For the Kaplan-Meier curves of the cumulative proportion for HD or PD in Figure 2, the survival line of anti-VEGF agents was unchanged after 48 months. The possible explanations might be as follows: The approved doses injections had to be administered within five years following the reimbursement approval under the policy of National Health Insurance reimbursement criteria for ranibizumab and aflibercept during the study period. Moreover, in recent real-world studies, [33, 34] investigators found that most injections were given in the first four years following the initialization of intravitreal anti-VEGF treatment. This may explain the reason why the survival line of anti-VEGF agents was unchanged after 48 months, since further renal adverse effects may not be present after the termination of regular intravitreal anti-VEGF treatment.

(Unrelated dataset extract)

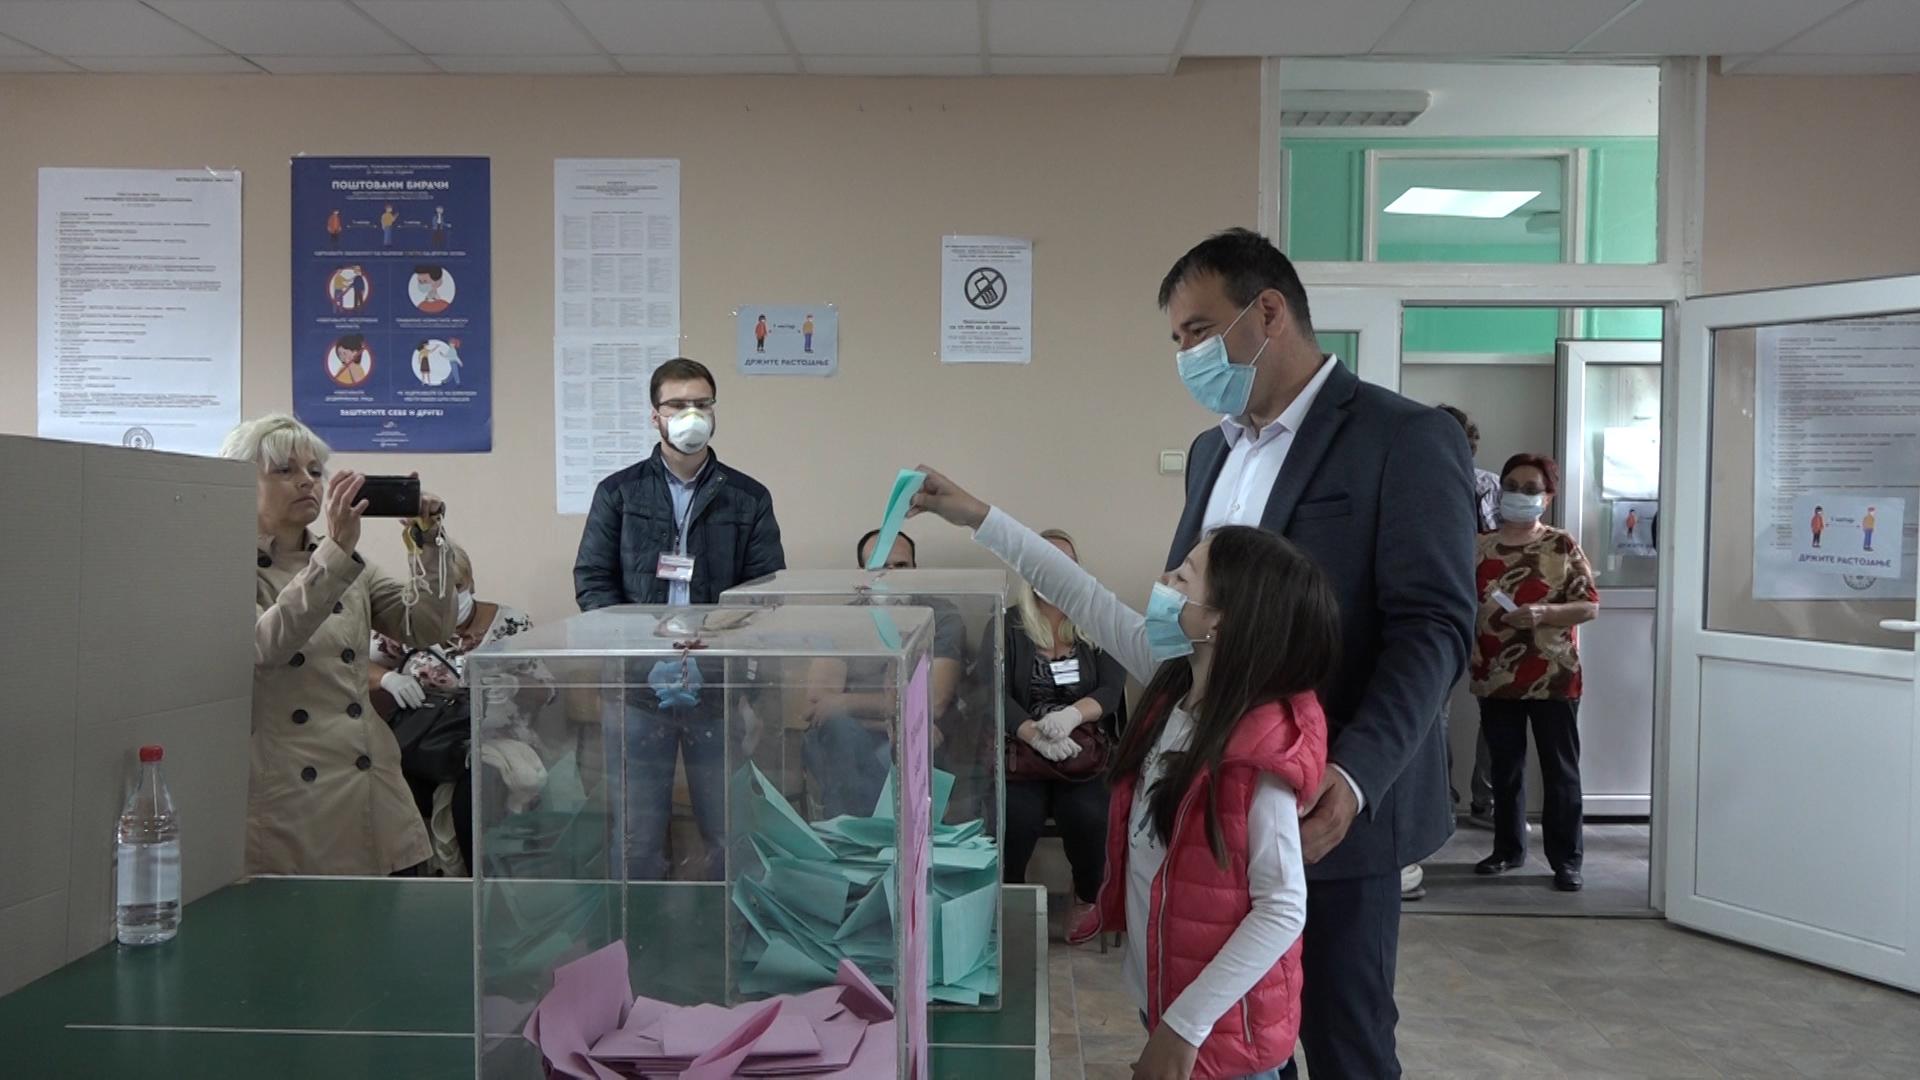 Izborni proces u Paraćinu – Biračko mesto br. 1, MZ Vrapčane

Strengths of this study include the large real-world cohort to evaluate possible side effects of anti-VEGF agents on risks of dialysis. Moreover, the similar findings in the age- and sex-matched cohort and PSM cohort re-ascertained our study results. Nonetheless, we do acknowledge some limitations to the presented study. First, the indications, demographic information and comorbidities of the included patients depended on the accuracy of International Classification of Diseases, 9th Revision, Clinical Modification (ICD-9-CM), and International Classification of Diseases, 10th Revision, Clinical Modification (ICD-10-CM) codes, so coding errors might exist and may lead to information bias. Second, due to the strict reimbursement criteria (Table 4) of the National Health Insurance, not all patients with indications of AMD/PCV, DME, RVO or myopic CNV were eligible to receive anti-VEGF treatment. Third, although ranibizumab and aflibercept are both covered by the National Health Insurance, some patients might receive self-paid anti-VEGF treatment, including off-label use of intravitreal bevacizumab. Fourth, DME accounted for over 40% of the indications, the current construction of the propensity score may not protect against potential residual confounding due to diabetes severity, since serial HbA1C is not available in the NHIRD. Fifth, as the primary outcome is receiving dialysis, the baseline renal function is a potential confounder. However, since the dataset of NHIRD did not contain the laboratory data of renal function, we could only adjust the chronic kidney disease in the analyses by relevant ICD codes. Even if our study results indicated a higher risk of developing dialysis in patients receiving intravitreal anti-VEGF agents, more studies, including randomized controlled trials, or new-user design with active comparator or systematic review and meta-analysis, are warranted to clarify the role of anti-VEGF agents in the pathophysiology of dialysis and to replicate our findings.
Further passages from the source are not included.